Stefanik, a NASCAR Hall of Fame nominee, won seven modified titles and two K&N Pro Series East crowns. In 2003, he was named one of the NASCAR Whelen Modified Tour’s 10 greatest drivers.

NASCAR issued a statement on behalf of Chairman Jim France:

“Mike Stefanik was one of the most successful drivers in NASCAR history, but even more so, he was a true representative of our sport. His tough, competitive nature and excellence on the race track won him the respect and admiration of fans and competitors alike.

“His career stretched more than 30 years, bridging the generations between Jerry Cook and Richie Evans to our current drivers. He recorded achievements in this sport that are likely untouchable, and his legacy as a champion will endure.
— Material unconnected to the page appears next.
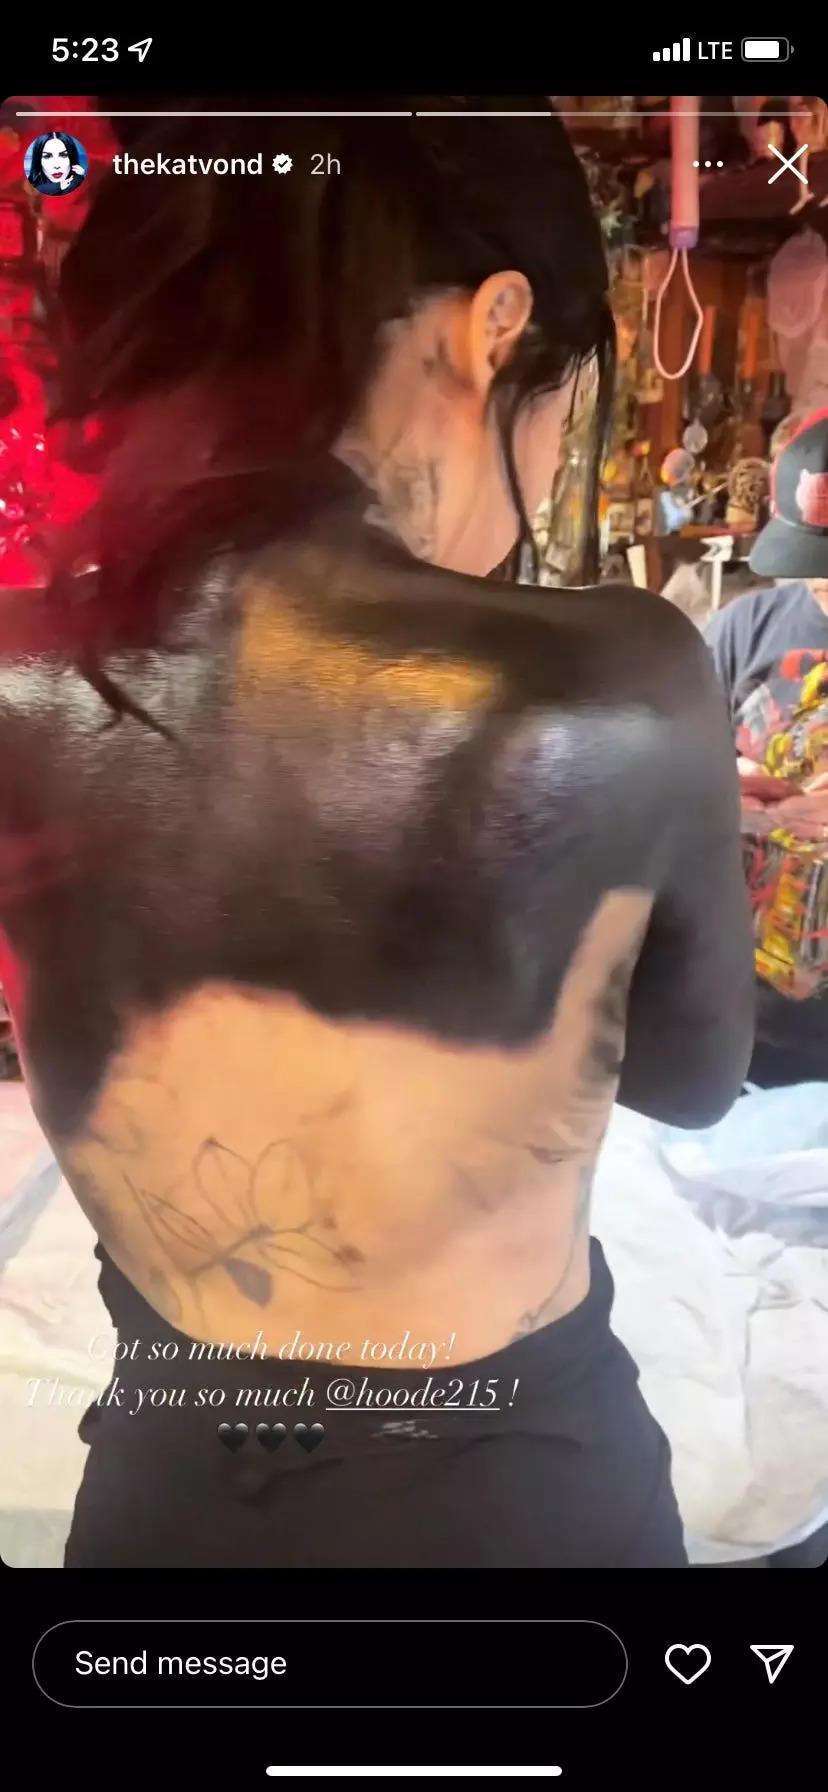 Kat Von D revealed that she's covering tattoos on her back with solid black  ink | Business Insider India

We will keep his wife Julie and his family and friends in our prayers.”

RaceDayCT.com reported that according to multiple news reports, Stefanik crashed while piloting a single-engine, single-seat Aero Ultra-Light plane. The crash took place took place in Sterling, Connecticut near the Rhode Island border.

Stefanik is the winningest driver in Whelen Modified Tour history with 74 wins. His nine championships ties him with Richie Evans for most national touring championships in NASCAR history.

In 1997-98, Stefanik won back-to-back championships in the modified and K&N East Series. Stefanik was the rookie of the year in the NASCAR Camping World Truck Series in 1999.

Stefanik was first nominated for the NASCAR Hall of Fame in 2015. He told RaceDayCt.com that the nomination  “humbled” him. “I’m not in, but it’s quite an honor,” Stefanik told RaceDayCt.com. “I never really thought much about it. I didn’t get into racing to get into a Hall of Fame. But it’s humbling for sure.”

The Hall of Fame released a statement from its director, Winston Kelley:

“First and foremost, on behalf of everyone at the NASCAR Hall of Fame, we offer our most sincere condolences to Julie, Nichole, Christie and the entire Stefanik family on the loss of Mike.

We are all very saddened to learn of the passing of NASCAR Hall of Fame nominee and nine-time NASCAR Champion Mike Stefanik. His record-tying nine championships just tells part of the story of his incredible legacy. He was intensely competitive, dedicated and tenacious and equally humble, versatile and respected. His seven NASCAR Whelen modified championships are second only to NASCAR Hall of Famer Richie Evans. His tenacity and dedication are exemplified in the facts that his first and seventh championships came 17 years apart and his first and 74th wins came an incredible 27 years apart, the final win coming at age 55 at the very tough Bristol Motor Speedway. His versatility can be seen in winning back-to-back titles in both the Whelen Modified Tour and KN Pro Series East in 1997 and 1998 and winning the NASCAR Gander Outdoors Truck Series rookie of the year the following year, 1999. Despite his success and frequent dominance, perhaps what Mike will most be remembered for is his humility and the respect he had from his fellow competitors.

Mike’s legacy and commitment to NASCAR will be forever remembered, celebrated and cherished here at the NASCAR Hall of Fame and in our hearts and minds.”

New Hampshire Motor Speedway released a statement from David McGrath, the track’s executive vice president and general manager.

“Yesterday, the short track community lost one of the greatest modified drivers in history. Mike Stefanik was a true champion on and off the racetrack making a long-lasting mark on short track racing, specifically in the NASCAR Whelen Modified Tour. With 10 career victories, Mike is one of New Hampshire Motor Speedway’s top winning drivers. I know that I can speak for everyone here, as well as our entire Speedway Motorsports, Inc. family, when I say that Mike will be truly missed. Our thoughts and prayers are with his family, friends and the entire NASCAR community during this very difficult time.”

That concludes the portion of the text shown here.